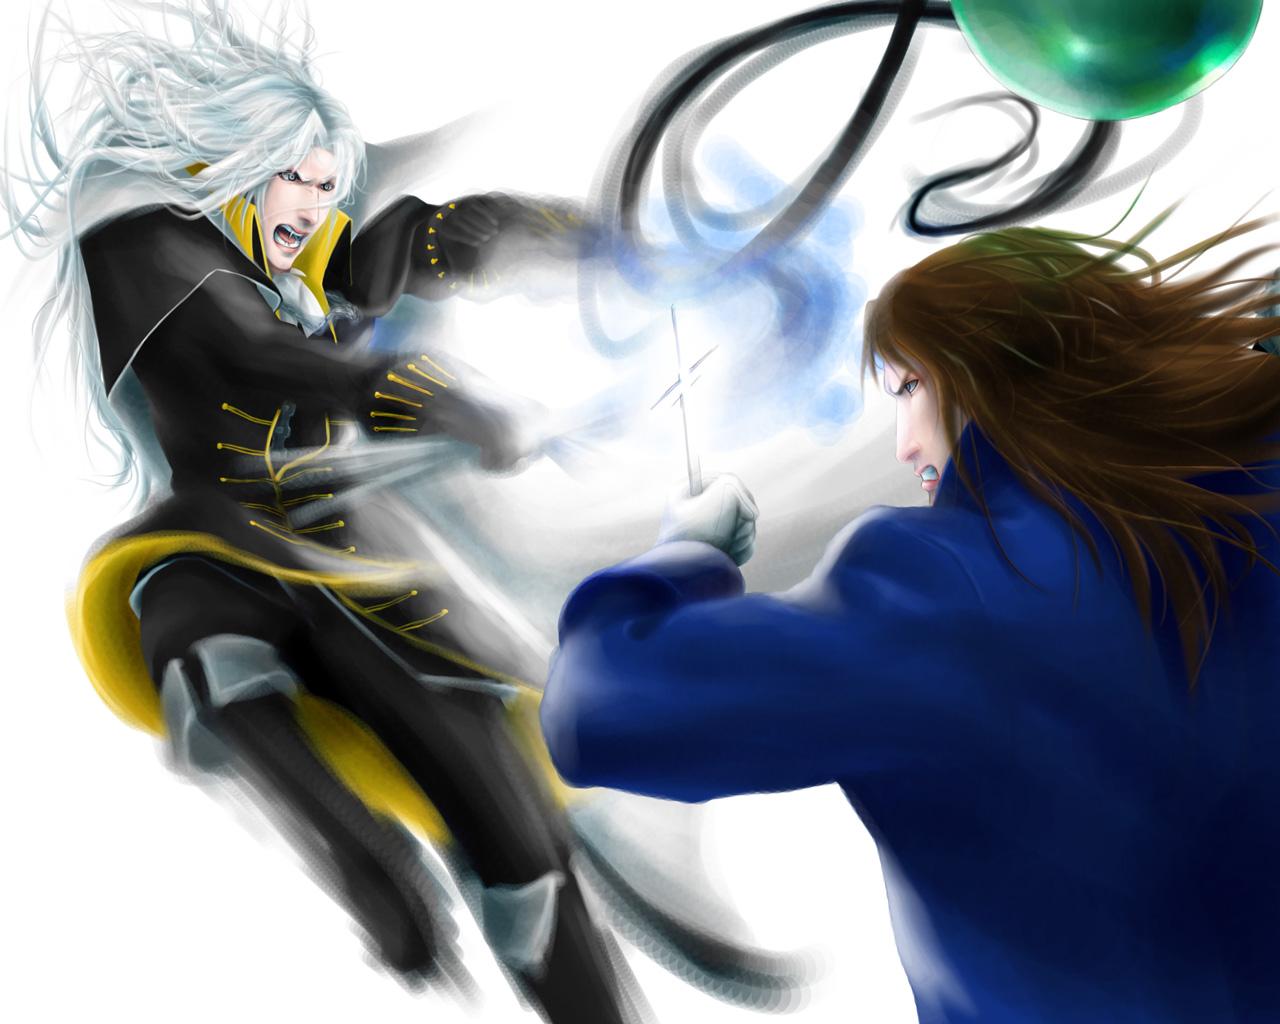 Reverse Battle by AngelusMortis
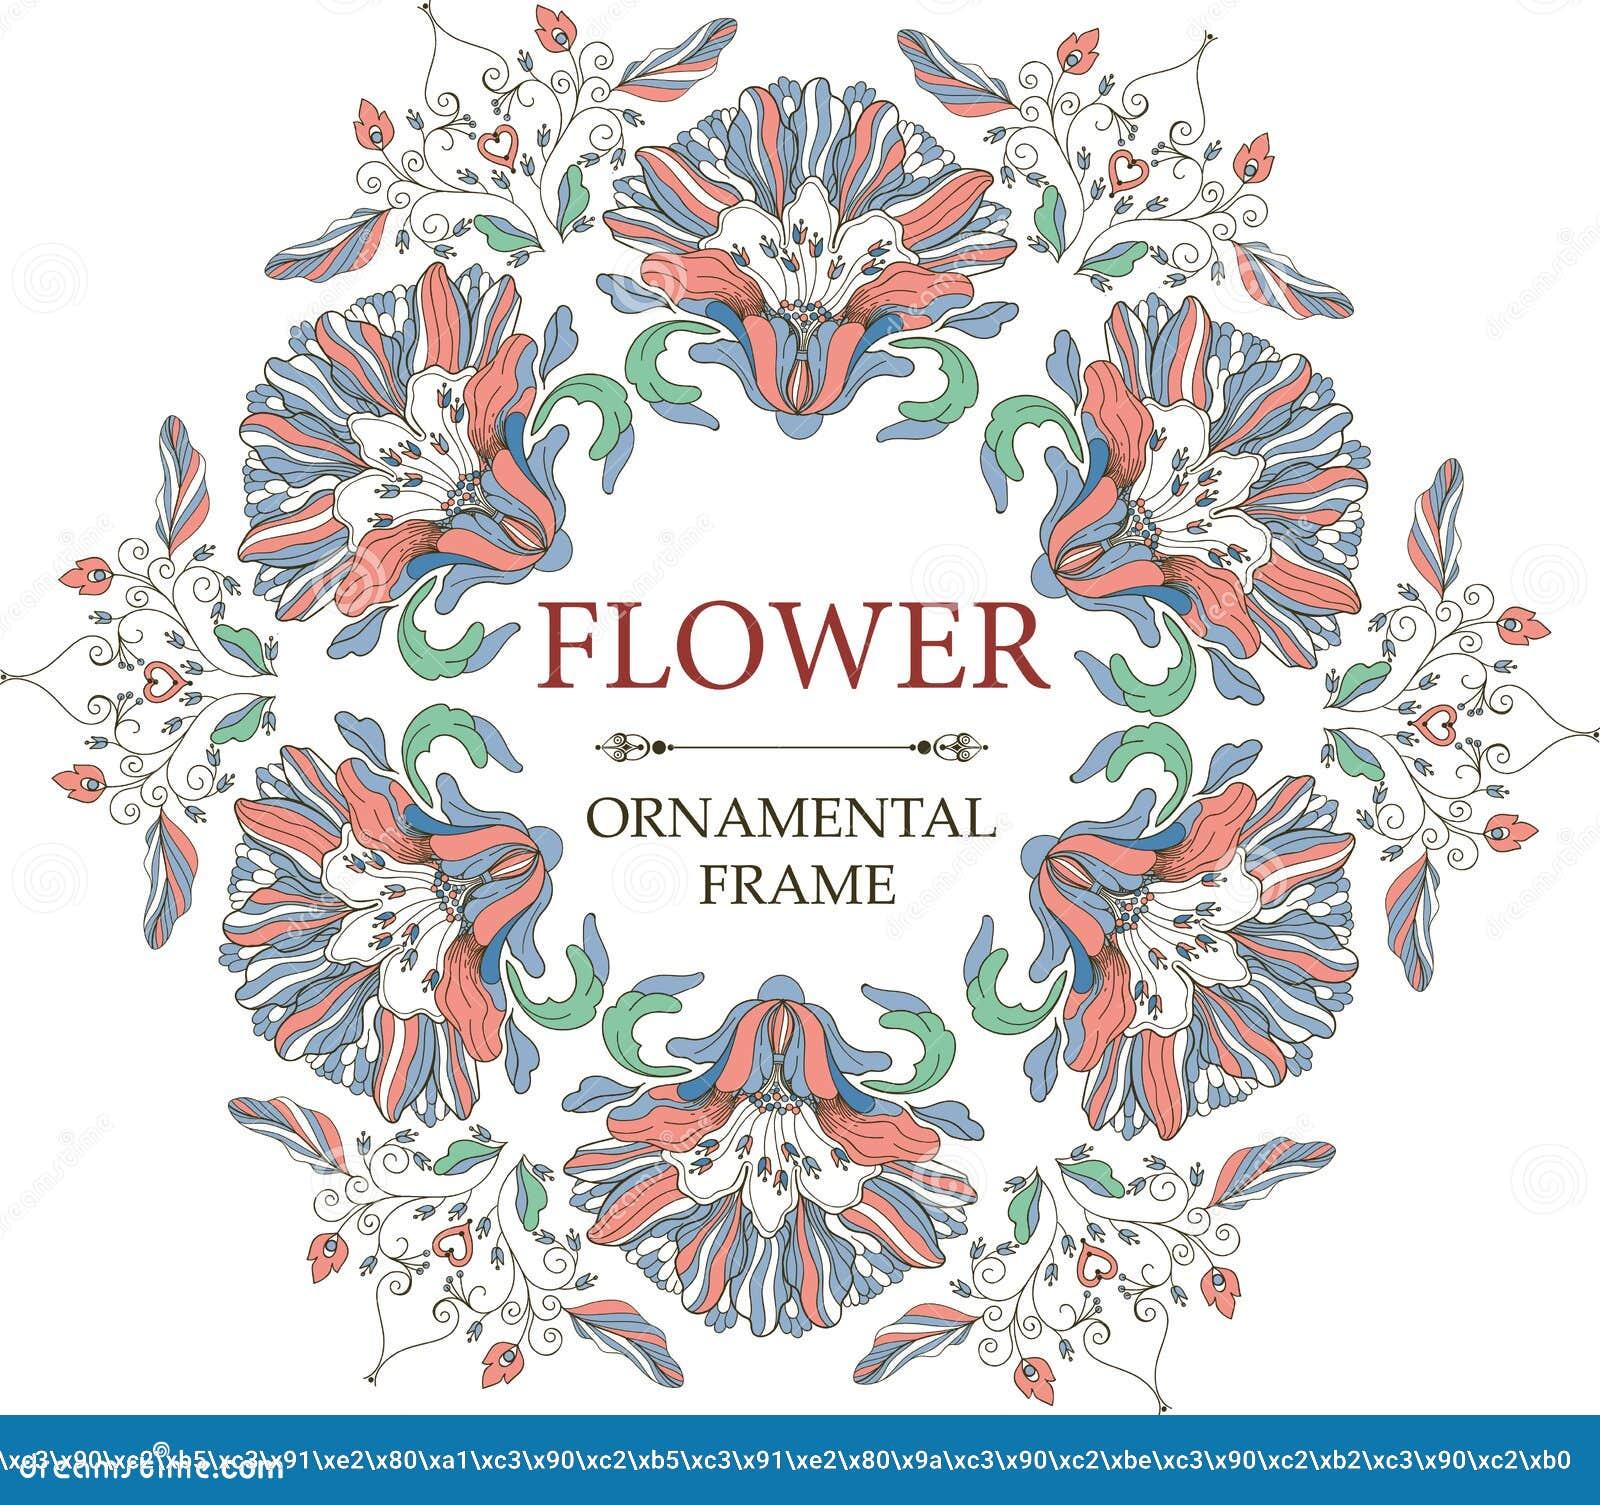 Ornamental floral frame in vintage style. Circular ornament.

---

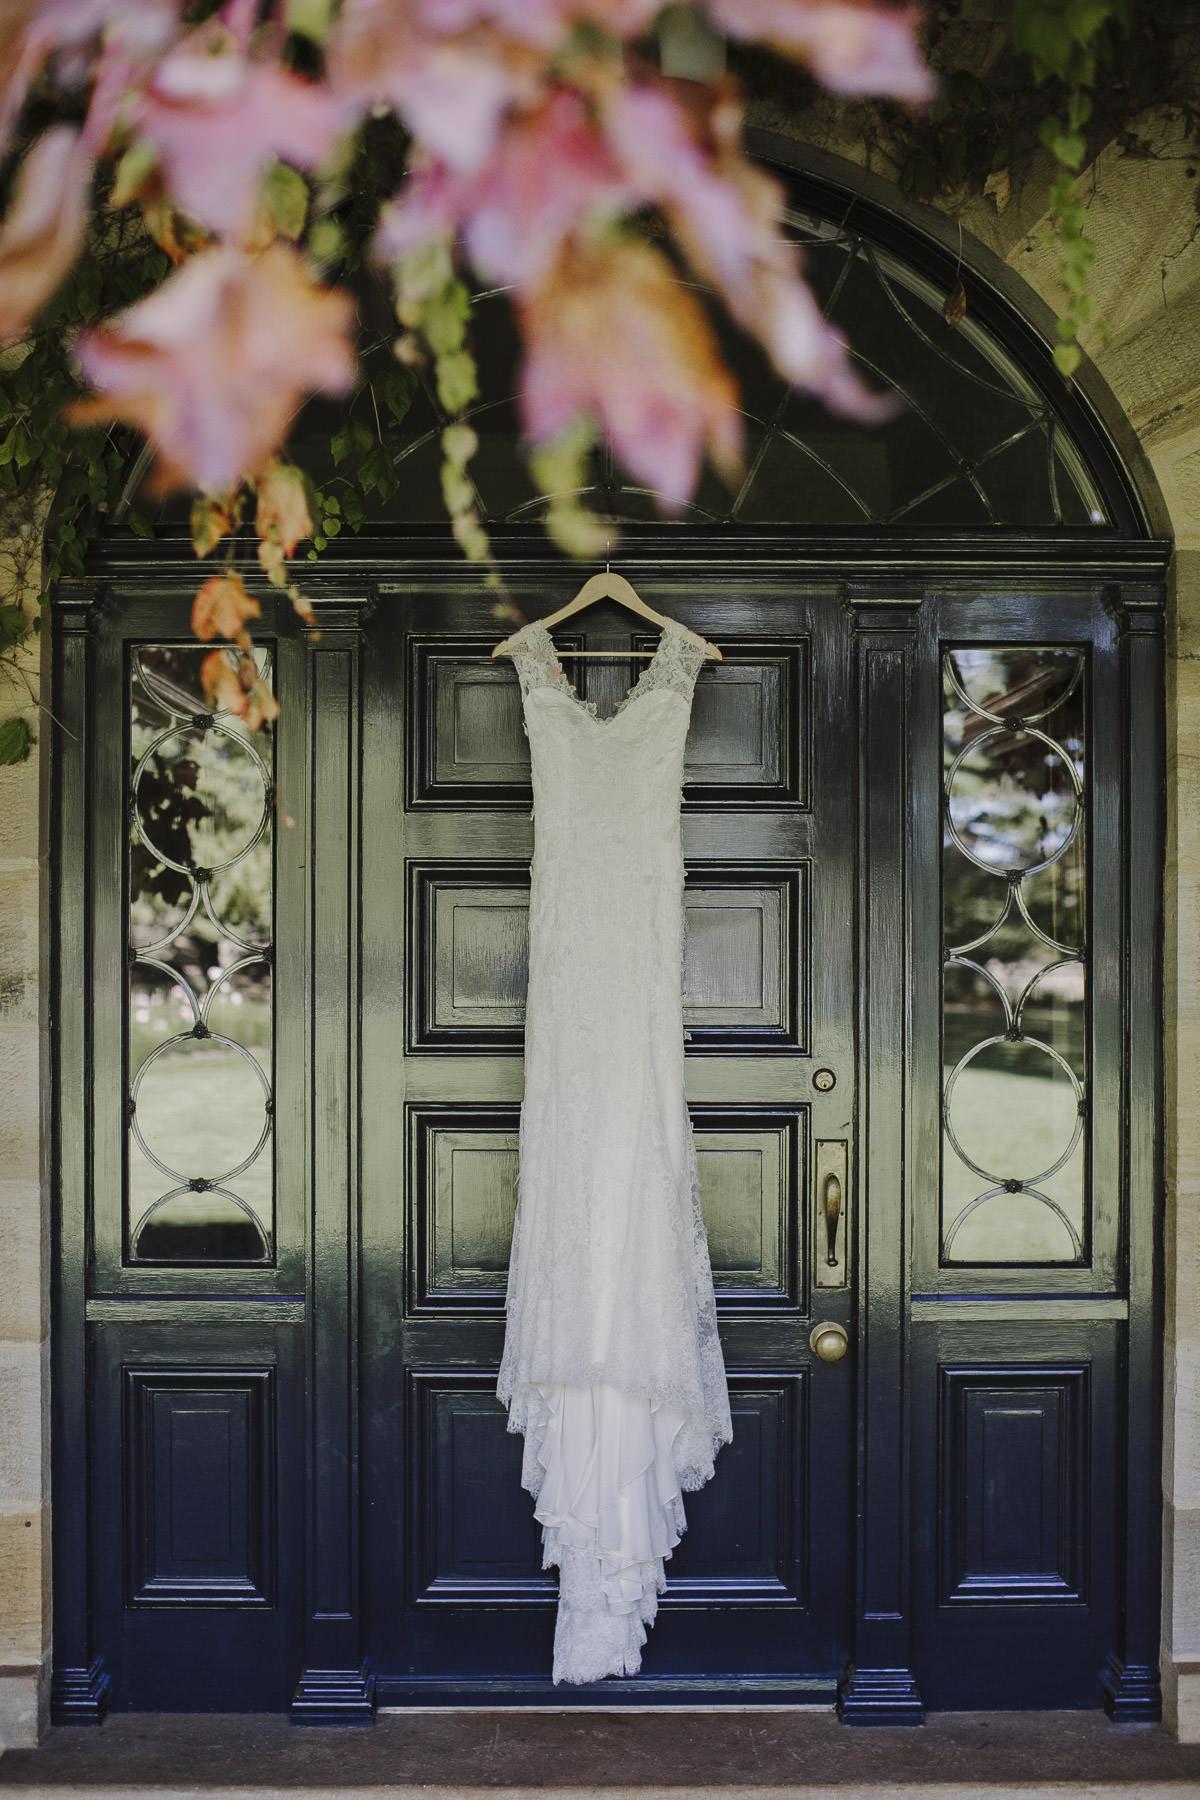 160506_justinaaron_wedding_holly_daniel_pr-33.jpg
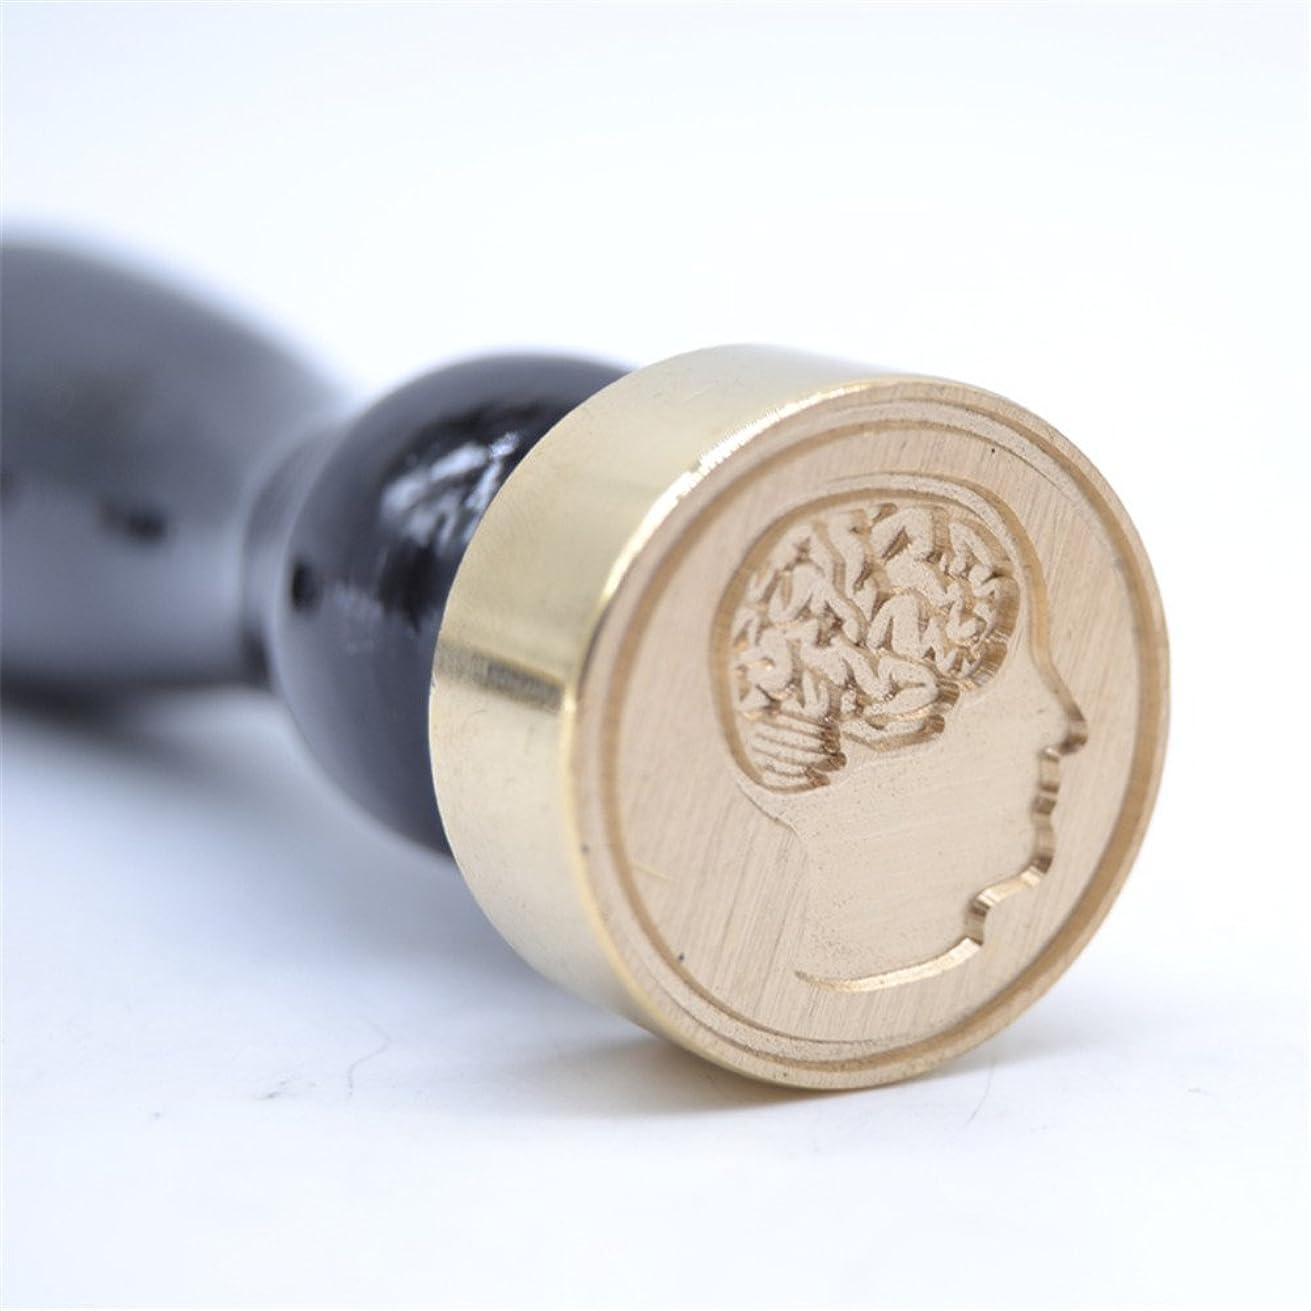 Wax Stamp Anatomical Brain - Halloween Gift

==

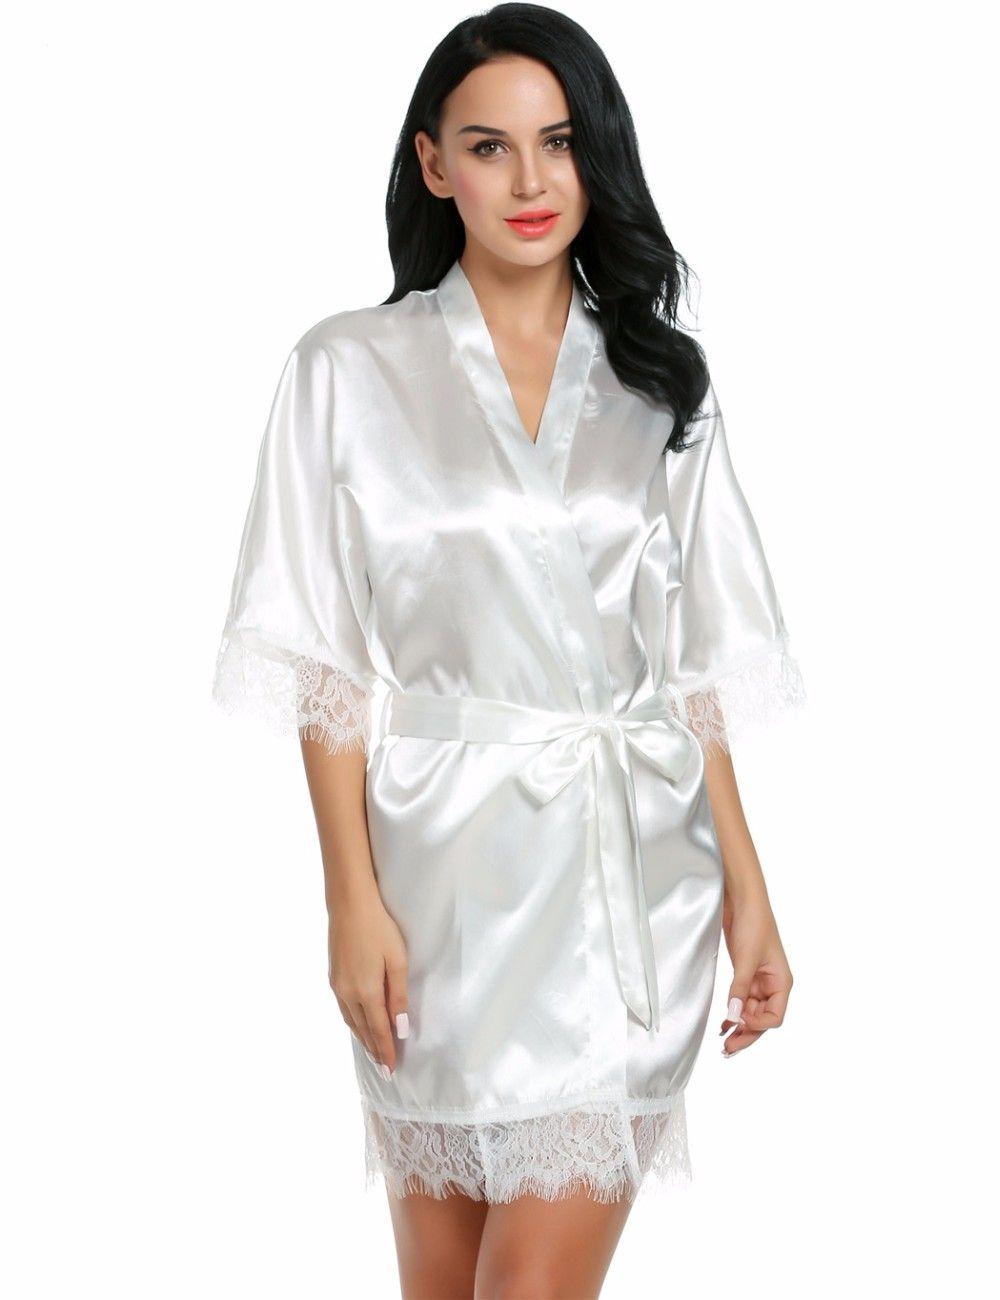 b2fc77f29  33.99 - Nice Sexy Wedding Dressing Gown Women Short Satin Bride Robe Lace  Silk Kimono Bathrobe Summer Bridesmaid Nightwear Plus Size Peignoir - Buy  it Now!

◆ Aim of the task: Your answer is the exact run of lines above from the one with "160506_justinaaron_wedding_holly_daniel_pr-33.jpg" through the one with "Wax Stamp Anatomical Brain - Halloween Gift", both ends included, minus any picture.

◆ Task output:
 160506_justinaaron_wedding_holly_daniel_pr-33.jpg
 Wax Stamp Anatomical Brain - Halloween Gift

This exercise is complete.